= Freedom of the press in Bhutan =

Freedom of the press in Bhutan is an ongoing social and political controversy in the country of Bhutan, particularly prior to the introduction of multiparty democracy in the country. Bhutanese journalists are reported to have limited access to the right to the freedom of the press, which may be in contravention of Bhutan's 2008 Constitution.

In 2016, journalist Namgay Zam was prosecuted for defamation after sharing a Facebook post regarding a woman's property dispute with a local businessman. She was eventually sentenced to three months in prison, and was required to pay a fine. This case was said to have exposed 'fault lines' in the protection of constitutional freedoms, regarding speech and the press.

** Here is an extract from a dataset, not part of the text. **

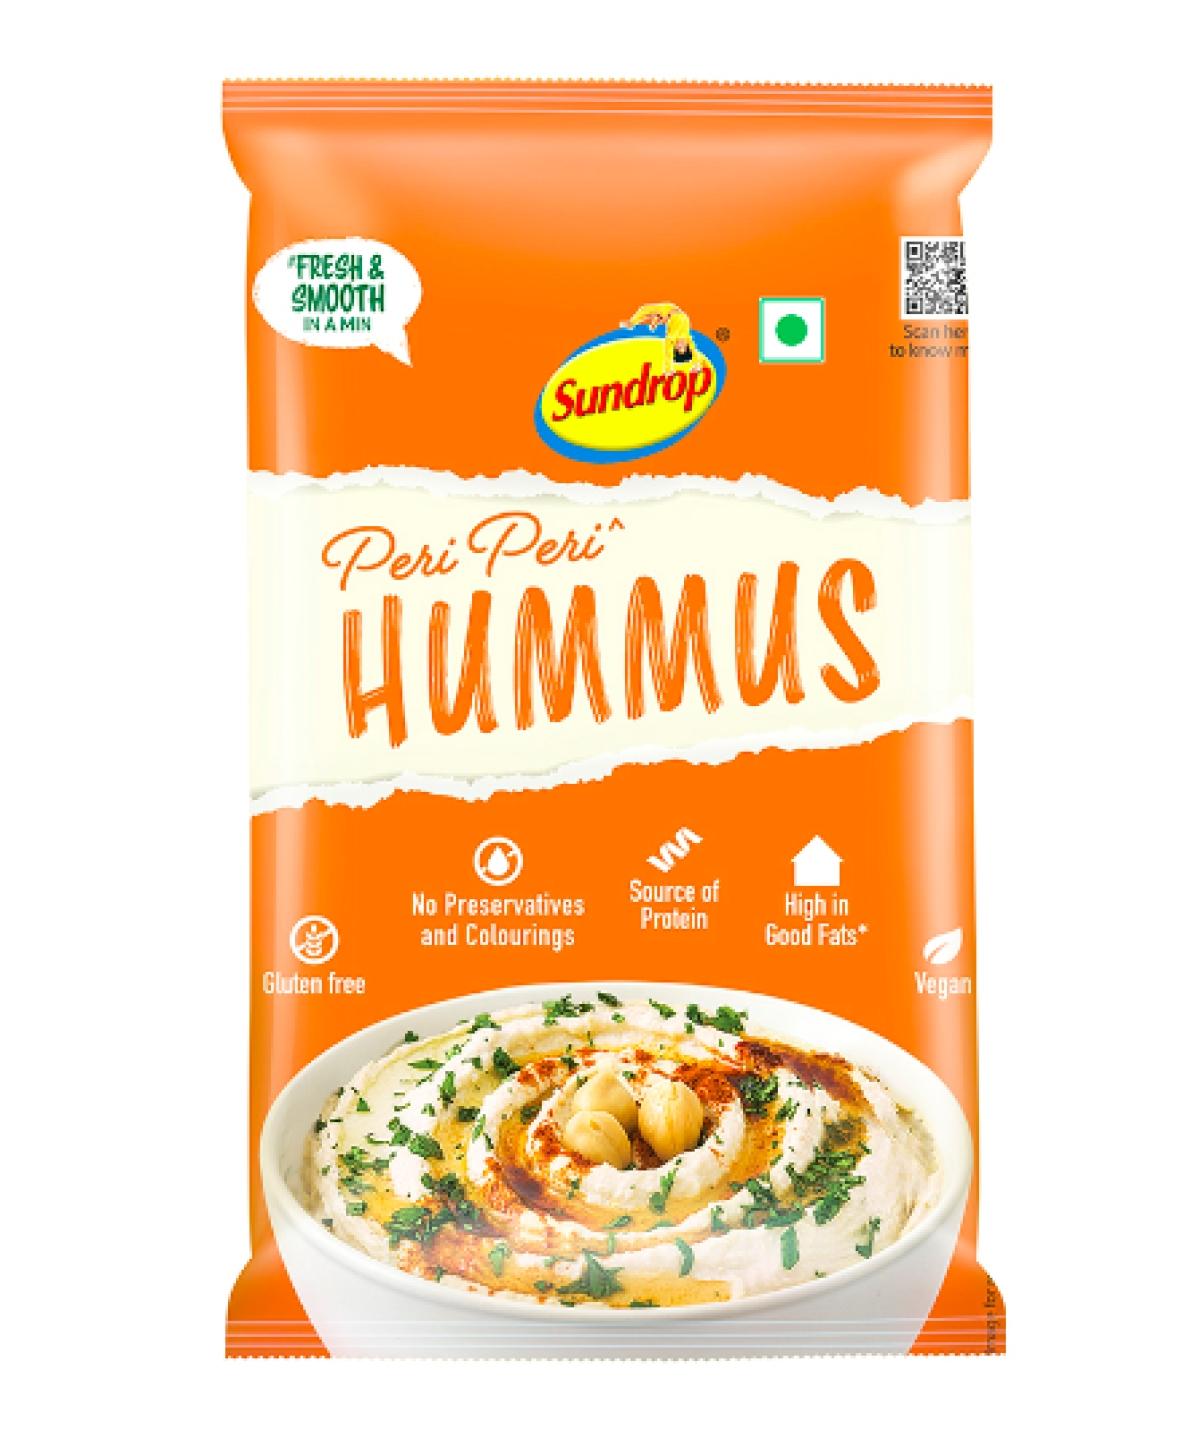 Sundrop's ready to eat 'Peri Peri' hummus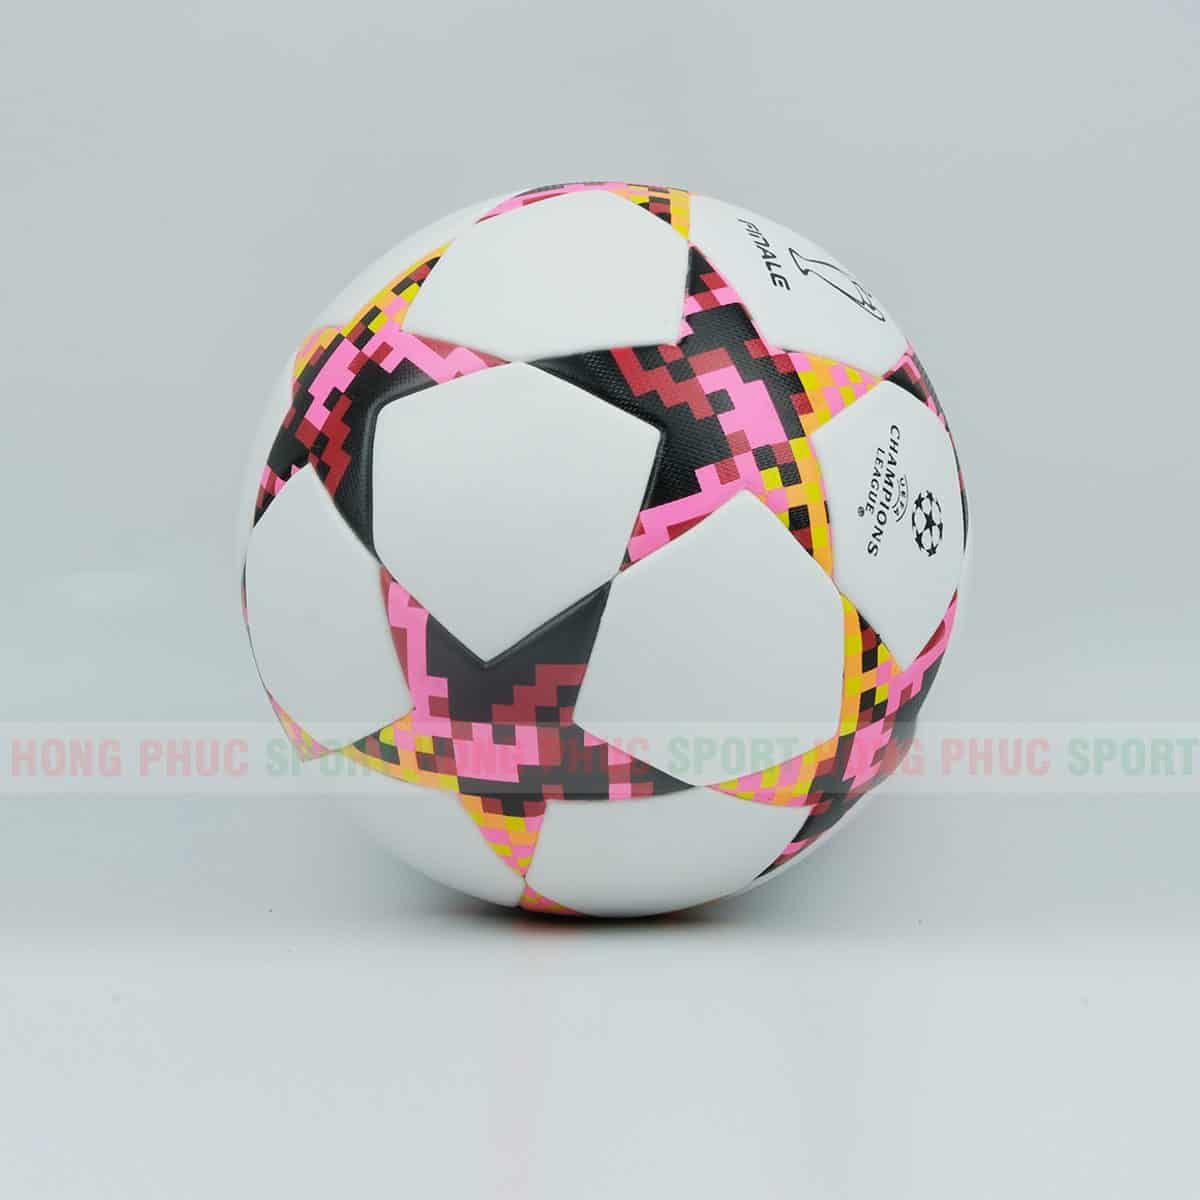 https://cdn.hongphucsport.com/unsafe/cdn.hongphucsport.com/dothethao.net.vn/wp-content/uploads/2019/09/bong-da-uefa-champions-league-2019-xanh-mau-4-tang-kim-bom.jpg

Bhutanese government officials have enacted laws that restrict what can be shared on social media. While the constitution of Bhutan guarantees freedom of speech, civil servants such as journalists were historically denied this right due to a law that stated, "A civil servant shall not critique his agency and the Royal Government". However, this was contrary to Chapter Three of the Bhutan Information, Communications and Media Act of 2006 where journalists must be aware that any professional or government licensing of journalists is a violation of the Freedom of the Press, which has now been repealed.
Bhutan is praised for its high level of "gross domestic happiness", but some citizens and people in the international community have come to question the legitimacy of this statement with regards to the prosecution of journalists and the subsequent breach of the Bhutanese Constitution. In 2023 the press freedom rating dropped from 33 to 90 after it improved in 2022.